Voltage is the potential difference between two points in an electrical field. In biological systems, it is a consequence of membrane properties and ion concentrations.

Question 33

Are cell membranes normally permeable to charged ions?

Answer 33

No, cell membranes are not normally permeable to charged ions. They have selective ion channels and transporters that control the movement of ions across the membrane.

Question 34

Which ions are important in cellular function?

Answer 34

Potassium ions (K+) are the major cations inside the cell, while sodium ions (Na+) are the major cations outside the cell. Chloride ions (Cl-) are also important for cellular function.

Question 35

What is the relationship between voltage and potential?

Answer 35

Voltage is synonymous with electrical potential. It measures the amount of work required to move a charged species from one point to another.

Question 36

What happens when ions flow in a circuit?

Answer 36

When ions flow, a current is generated.
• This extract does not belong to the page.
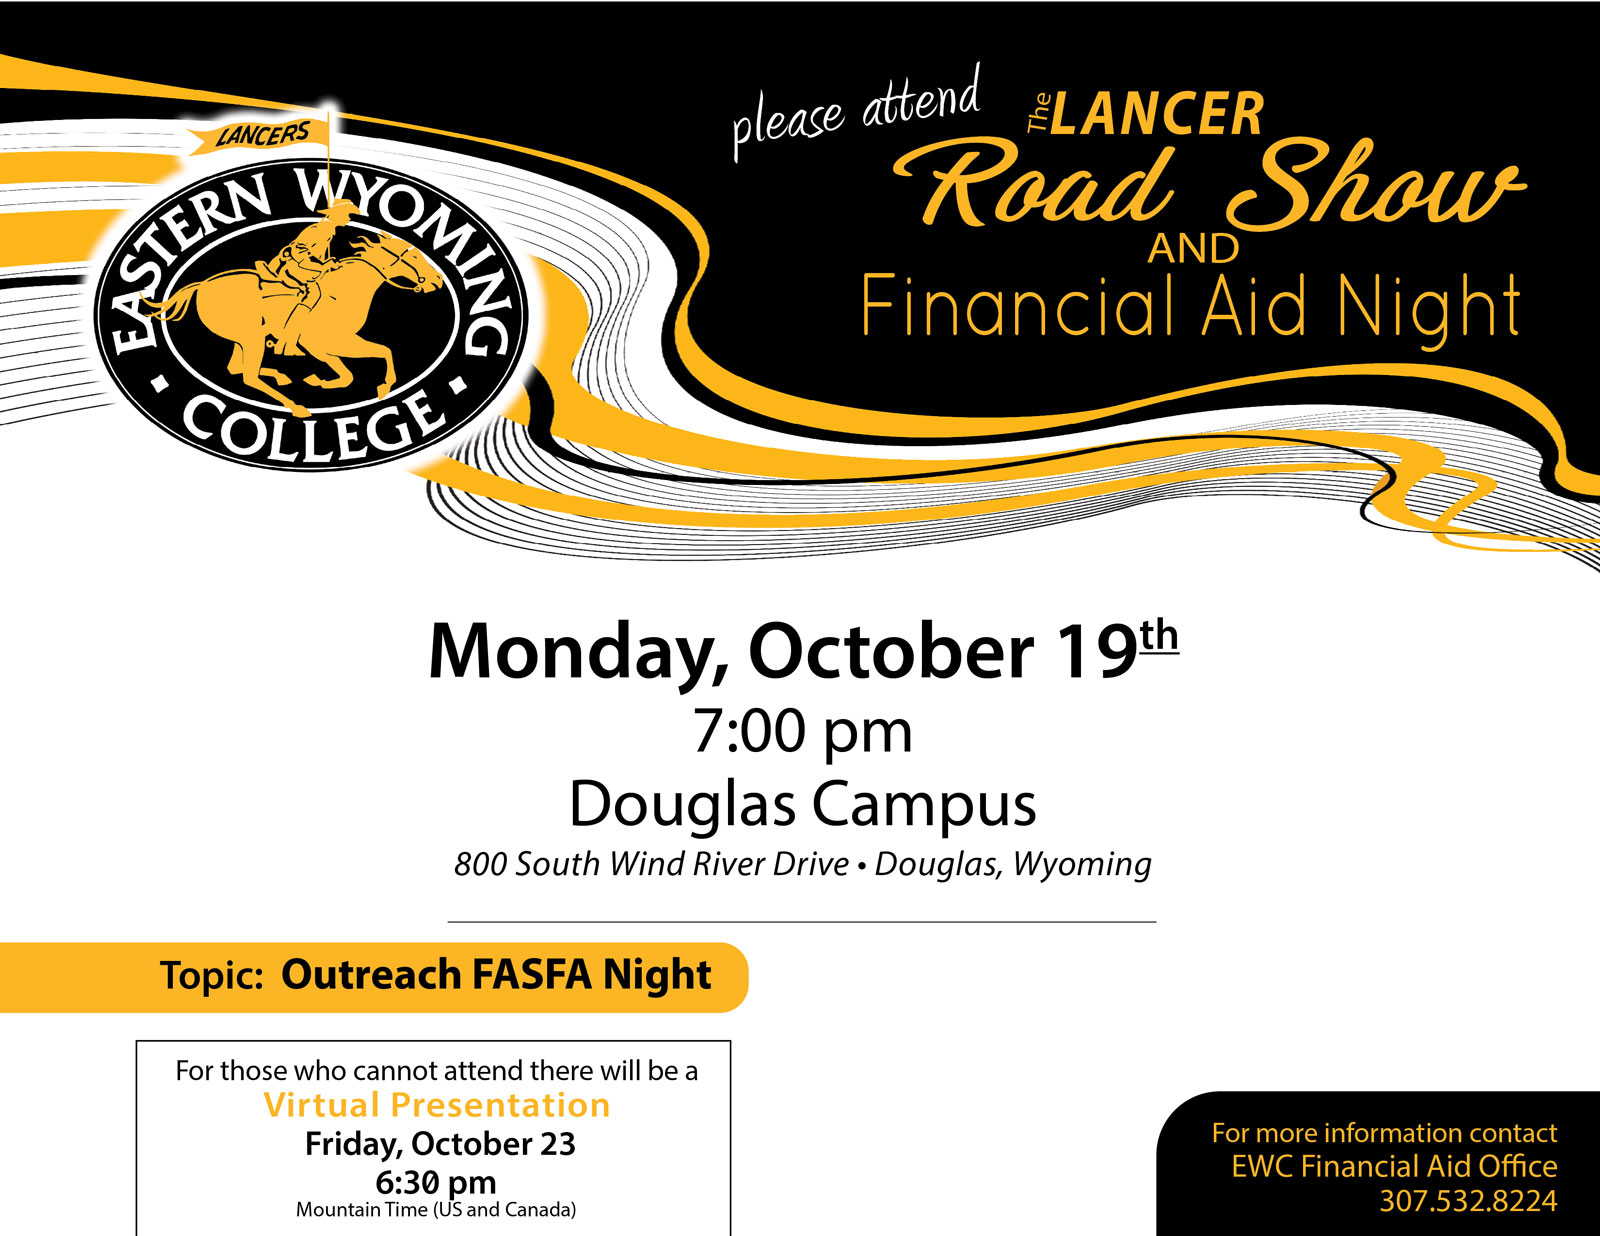 Lancer Road Show and Financial Aid Night - Douglas Campus - Monday, October 19th - 7:00pm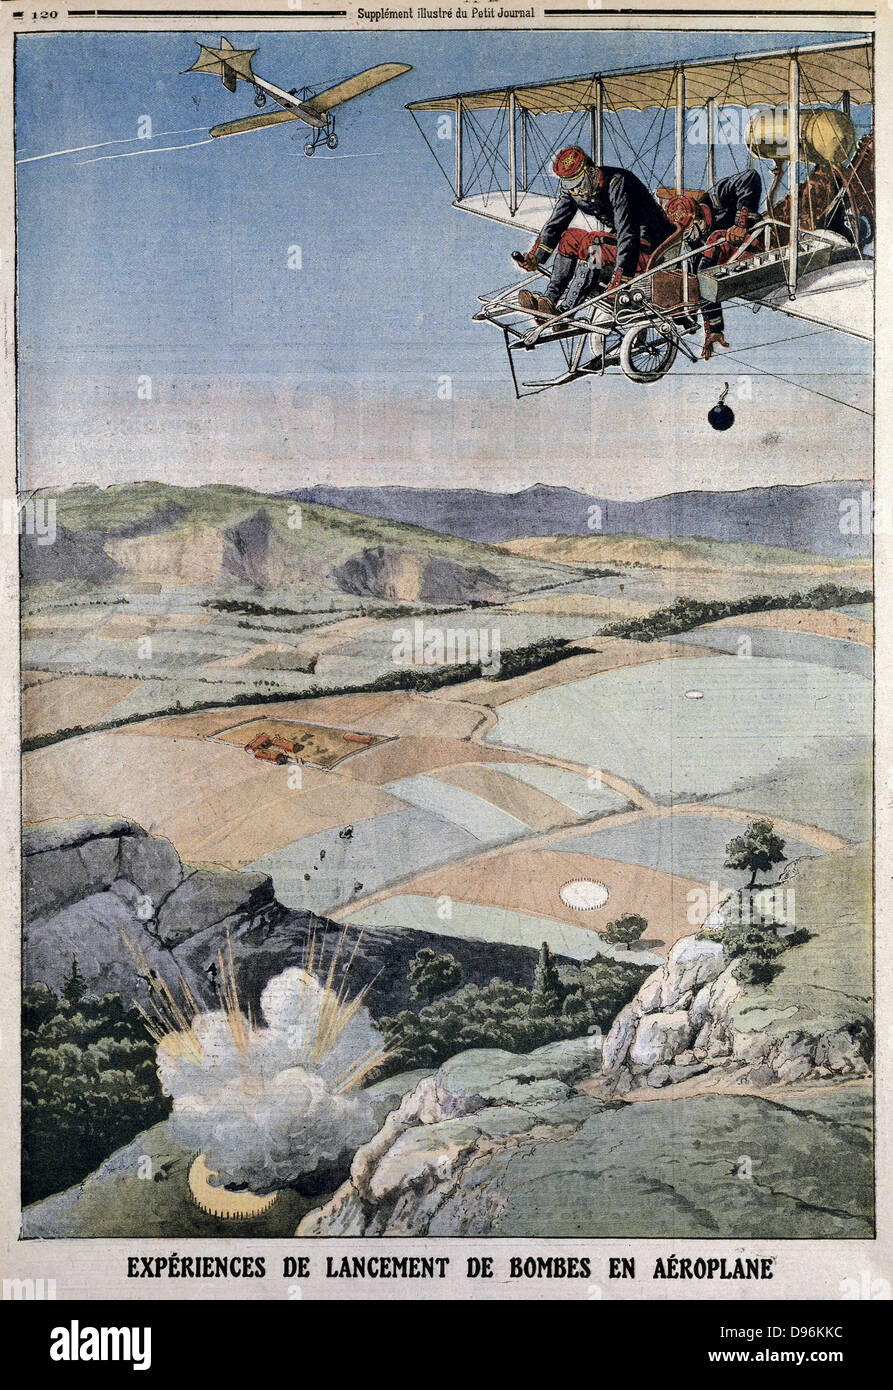 ar Paris chosen for h air corps on bomb practice at Chalons. From 'Le Petit Journal', Paris, 14 April 1912. Stock Photo

Current is the flow of charged particles, such as ions, through a conductor.

Question 37

What are the rules of ionic balance?

Answer 37

he concentration of positive and negative ions must “nearly” balance. Any ion that leaves the cell must be replaced soon by another ion of that type coming into the cell. Energy is always being used to re-establish the ionic gradients across membranes.

Question 38

What is the difference between excitable and non-excitable cells?

Answer 38

Excitable cells have the ability to produce or respond to electrical signals. They can propagate action potentials. Examples of excitable cells include neurons, skeletal muscle cells, smooth muscle cells, and cardiac myocytes. Non-excitable cells do not have these abilities and include most other types of cells in the body.

Question 39

Which cells can propagate action potentials?

Answer 39

Excitable cells have the ability to propagate action potentials. These include neurons, skeletal muscle cells, smooth muscle cells, and cardiac myocytes.